Every time we commit a snapshot, Git records a snapshot of the entire project, saves it, and assigns it a version.
These snapshots are kept inside the .git sub-folder.
If we remove .git, we remove the repository and history (but keep the working directory!).
.git uses relative paths - you can move the whole thing somewhere else and it will still work
Git doesn’t do anything unless you ask it to (it does not record anything automatically).

Recording a snapshot with Git

Git takes snapshots only if we request it.
We will record changes always in two steps (we will later explain why this is a recommended practice):
We first focus (git add, we “stage” the change), then shoot (git commit):

Git staging

Discussion

What do you think will be the outcome if you stage a file and then edit it and stage it again, do this several times and at the end perform a commit? (think of focusing several scenes and pressing the shoot button only at the end)

So that’s the concept - let’s do it for real.

Let’s create two files.

One file is called instructions.txt and contains:

* chop avocados
* chop onion
* squeeze lime
* add salt
* and mix well

The second file is called ingredients.txt and contains:

* 2 avocados
* 1 lime
* 2 tsp salt

Challenge 1

Create the two files with “File”>”New File”>”Text File”.

Copy the contents above into the files and save them

What is the status of these files in the Git pane?

Solution 1

The two files are both listed as untracked

As mentioned above, in RStudio you can always check the Git status of files in your repository using the Git pane.

In this case, the files are both listed as untracked because we have not yet told Git to pay attention to them. Going back to the photography analogy, we need to add the files (focus the camera) to the list of files tracked by Git. Git does not track any files automatically and you need make a conscious decision to add a file.
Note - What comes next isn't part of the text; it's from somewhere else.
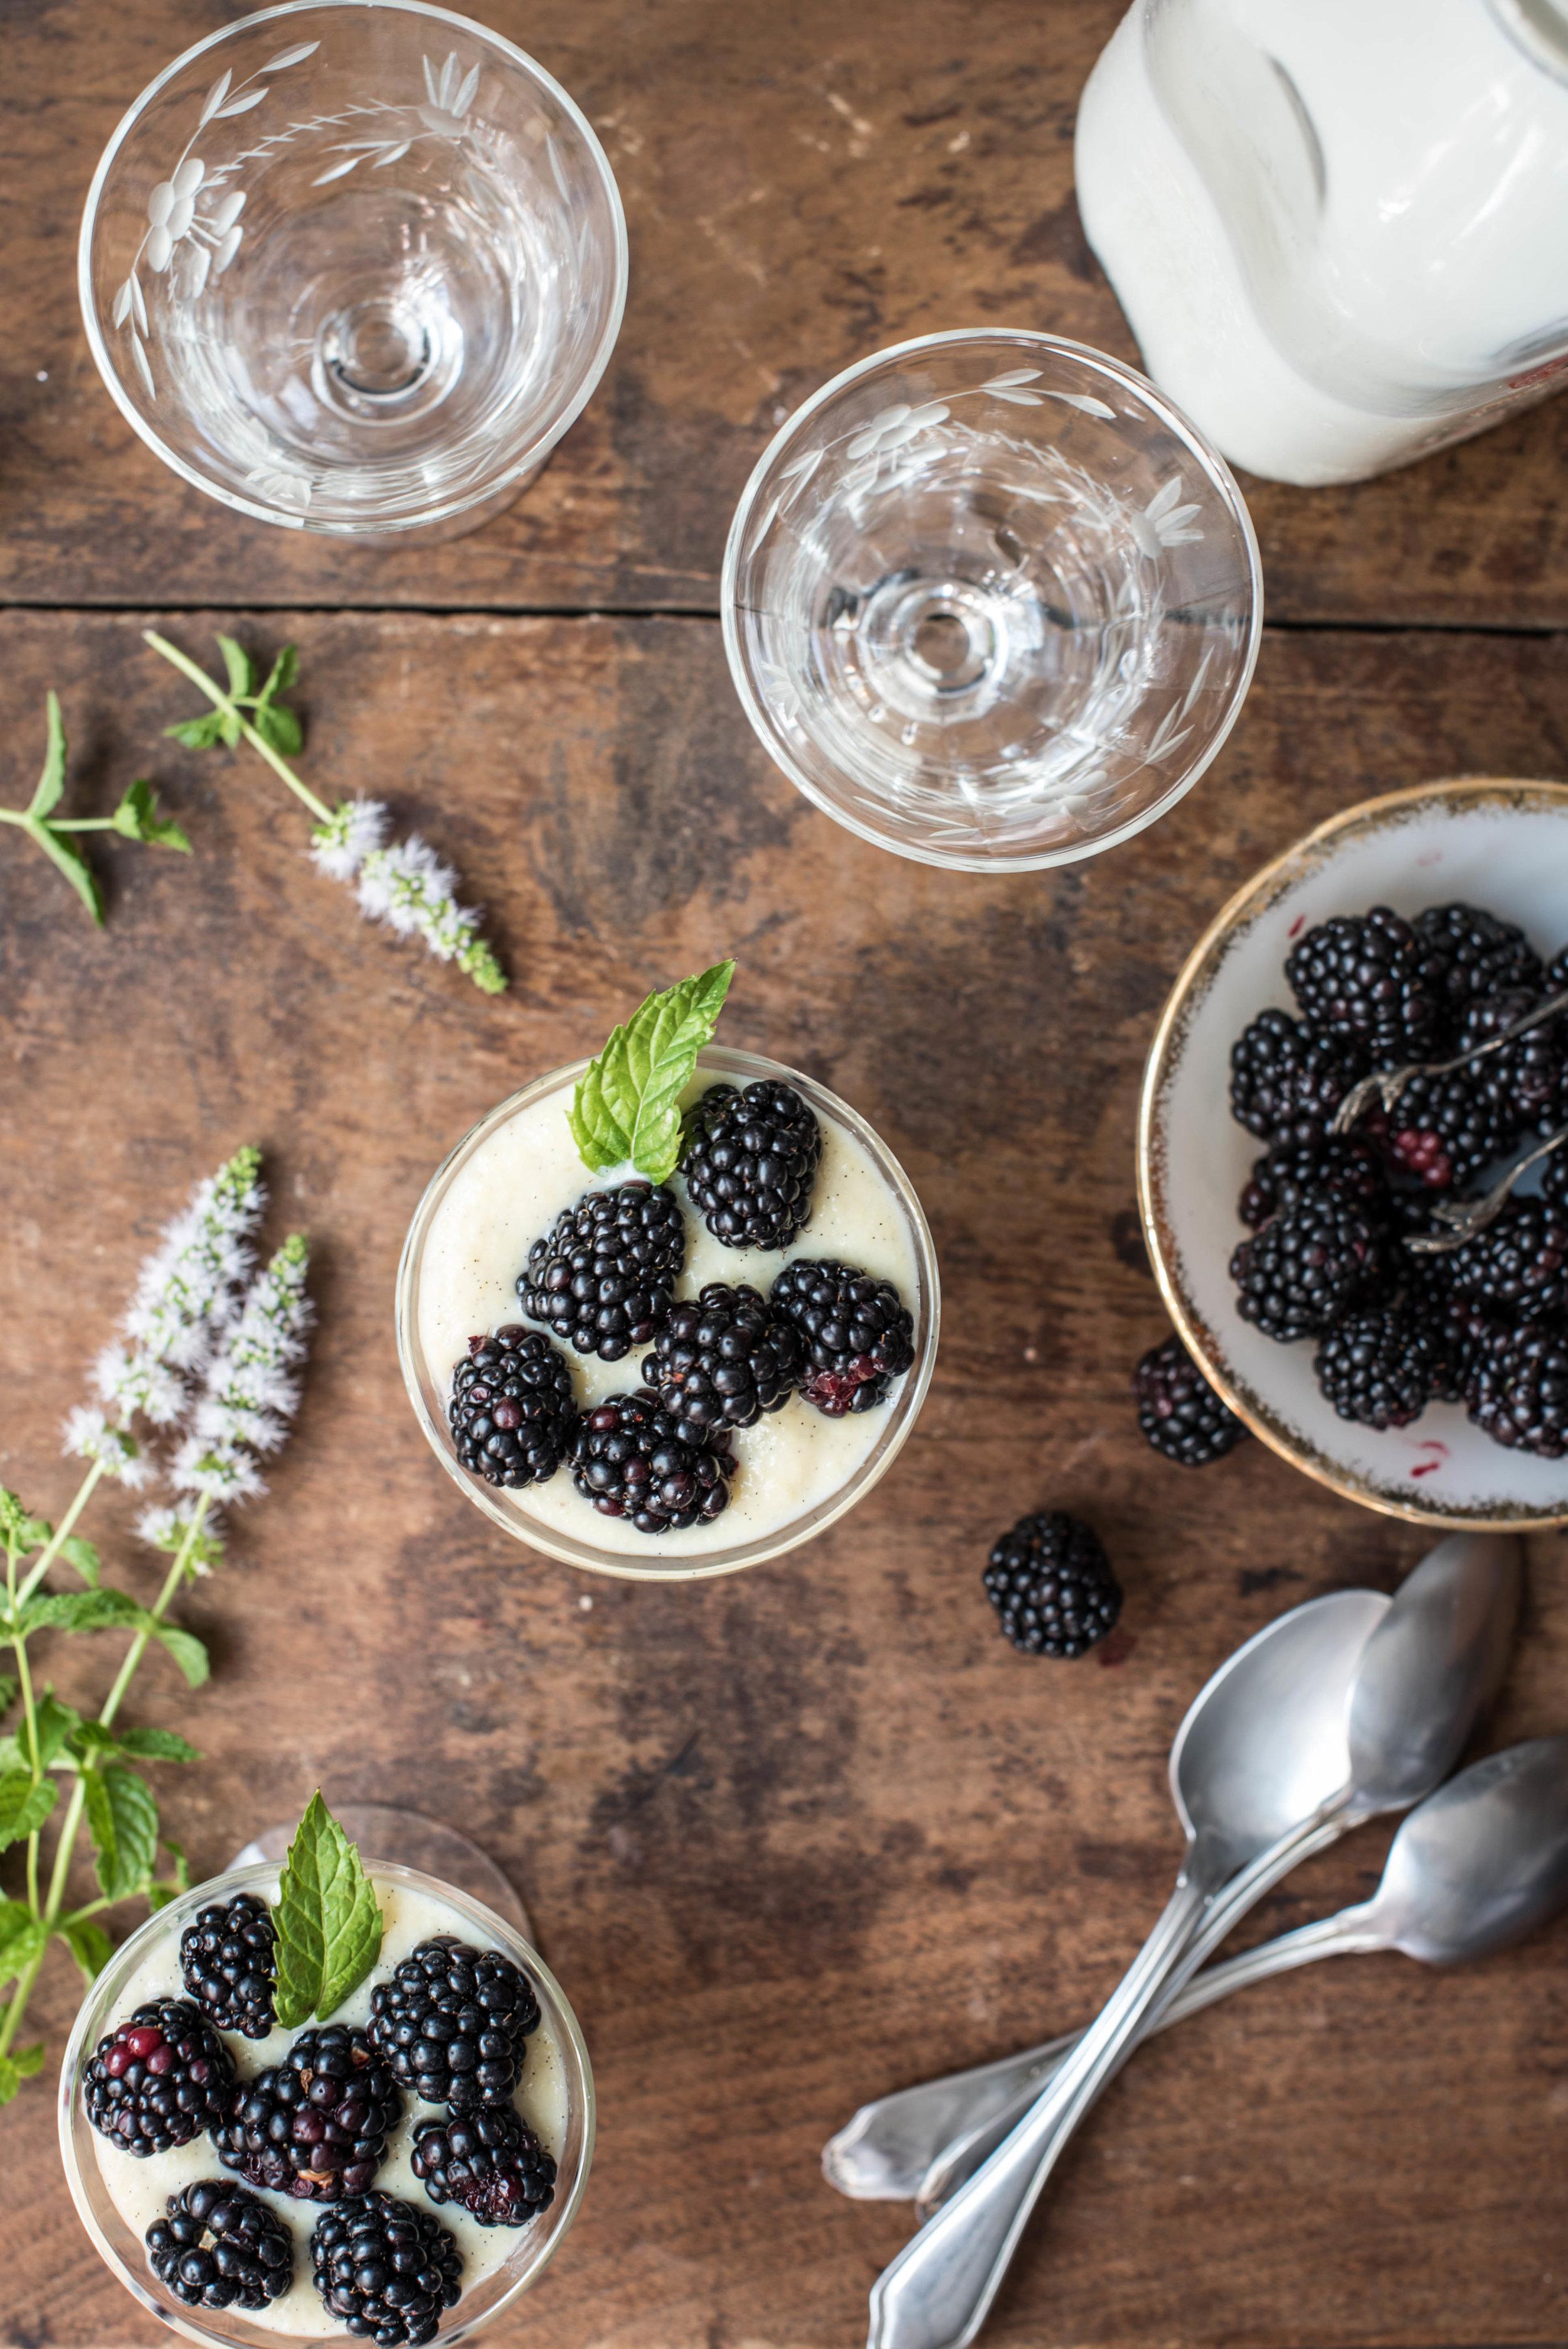 ROSE & IVY Journal Vanilla Bean Pudding

To stage the new files (add them to the repository), simply select the “Staged” checkbox beside the files.

The status symbol for these two files has changed to [A]dded to show that these files have been added to the staging area for the first time.

Why two status columns?

The two columns of status symbols help you determine where the changes are. The status for the left hand column is for the staging area, and for the right hand column for the working directory.

Now this change is staged and ready to be committed (the camera is focused and we’re ready to take the snapshot).

Let’s now commit the change to the repository using the “Commit” button . This brings up a window where we can double check our proposed commit and confirm it with a message explaining what we have done.

Challenge 2

After exploring the commit window to see what it shows, confirm the commit with the commit message adding ingredients and instructions

What is the response you recieve?

Solution to Challenge 2

You will recieve a message explaining what Git has done. It will include your commit message and a summary of the files and lines of text that have been changed.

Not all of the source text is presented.